Task brief: Skip the pictures and restate, word for word, the lines from the one containing "Mano sujetando el" to the end of the data below.

Data provided:
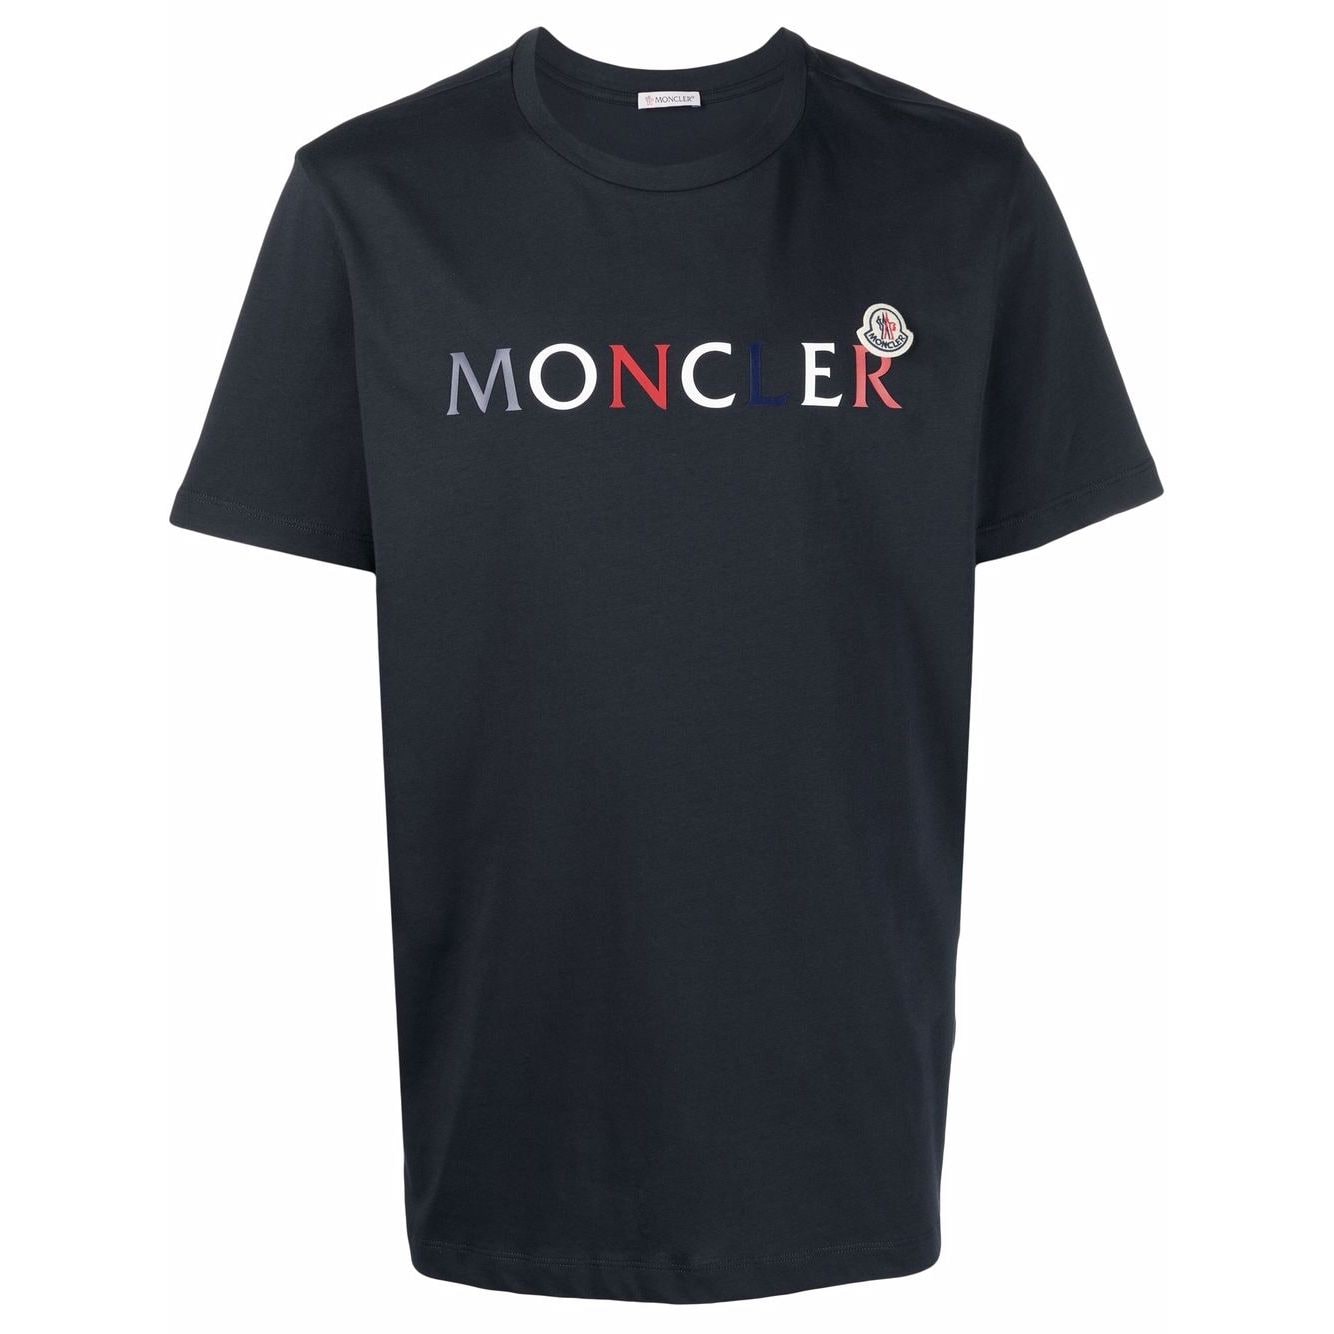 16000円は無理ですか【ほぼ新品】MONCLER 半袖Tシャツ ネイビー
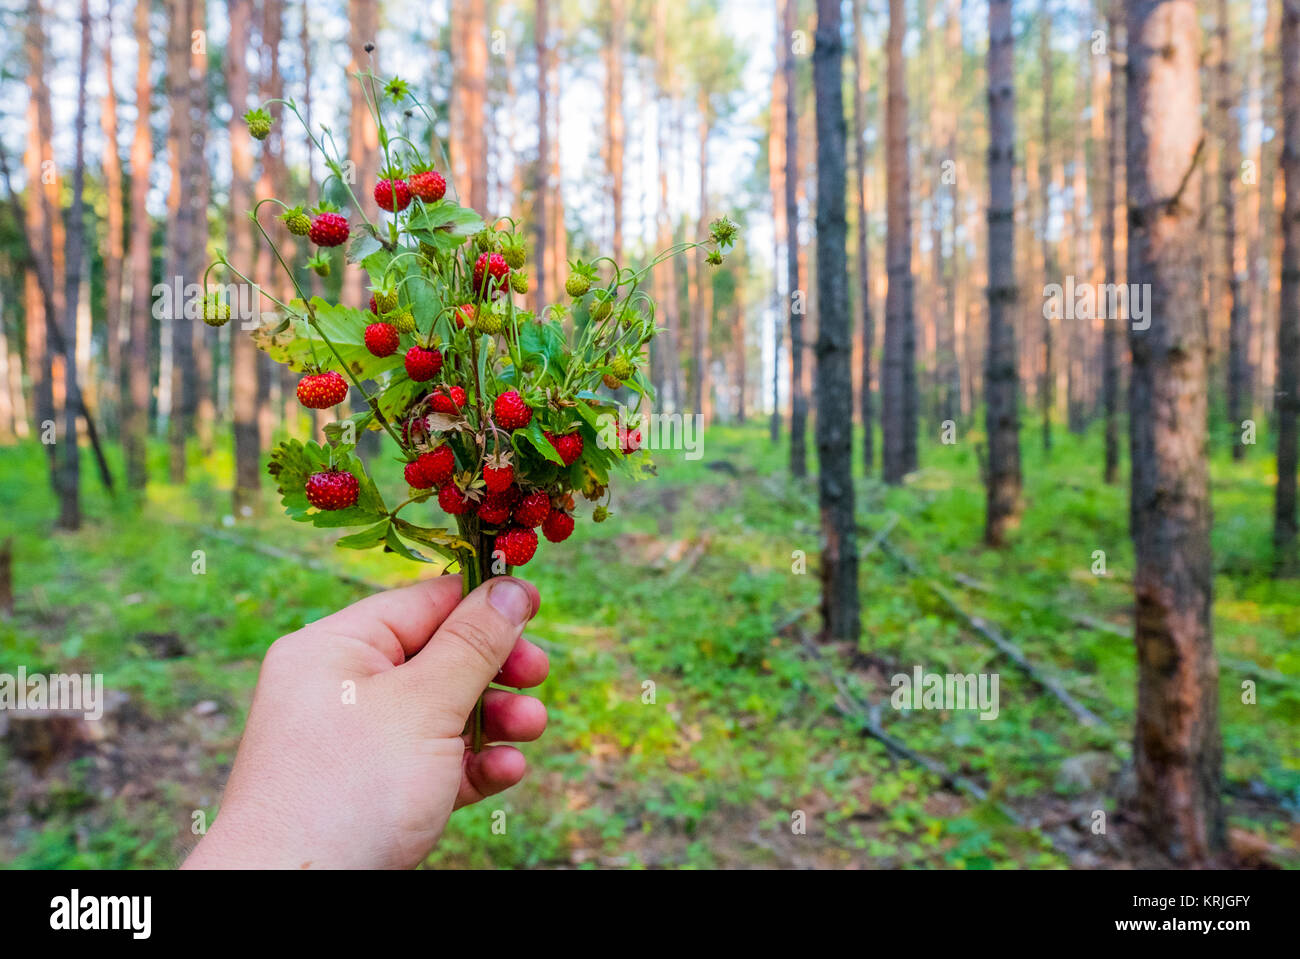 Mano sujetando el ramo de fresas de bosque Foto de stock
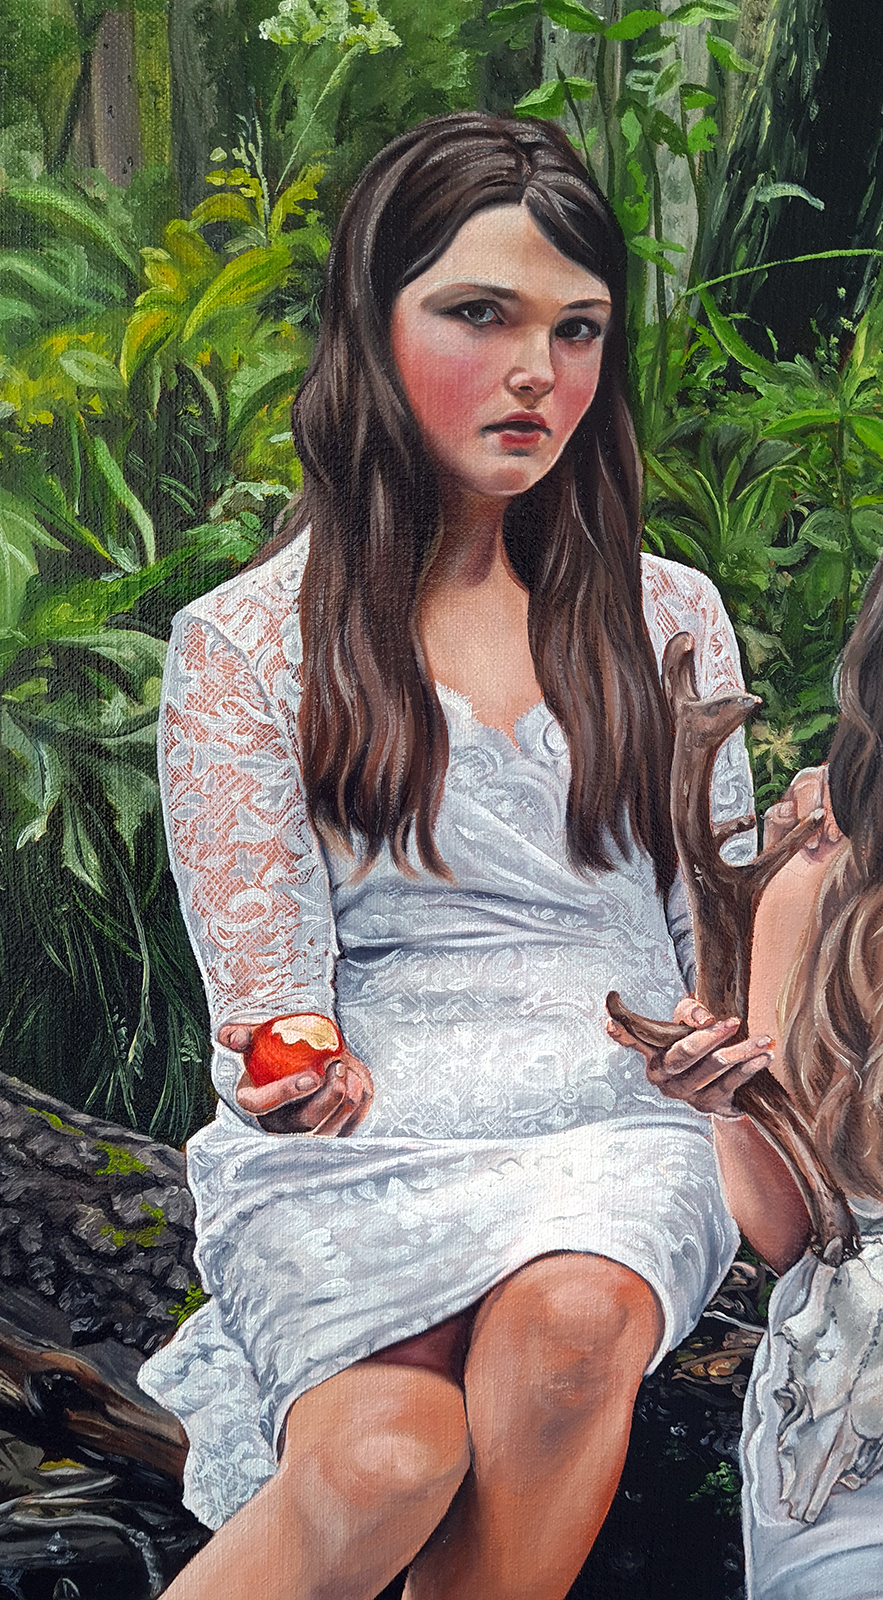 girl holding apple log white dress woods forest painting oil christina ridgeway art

Finished task:
 Mano sujetando el ramo de fresas de bosque Foto de stock
 girl holding apple log white dress woods forest painting oil christina ridgeway art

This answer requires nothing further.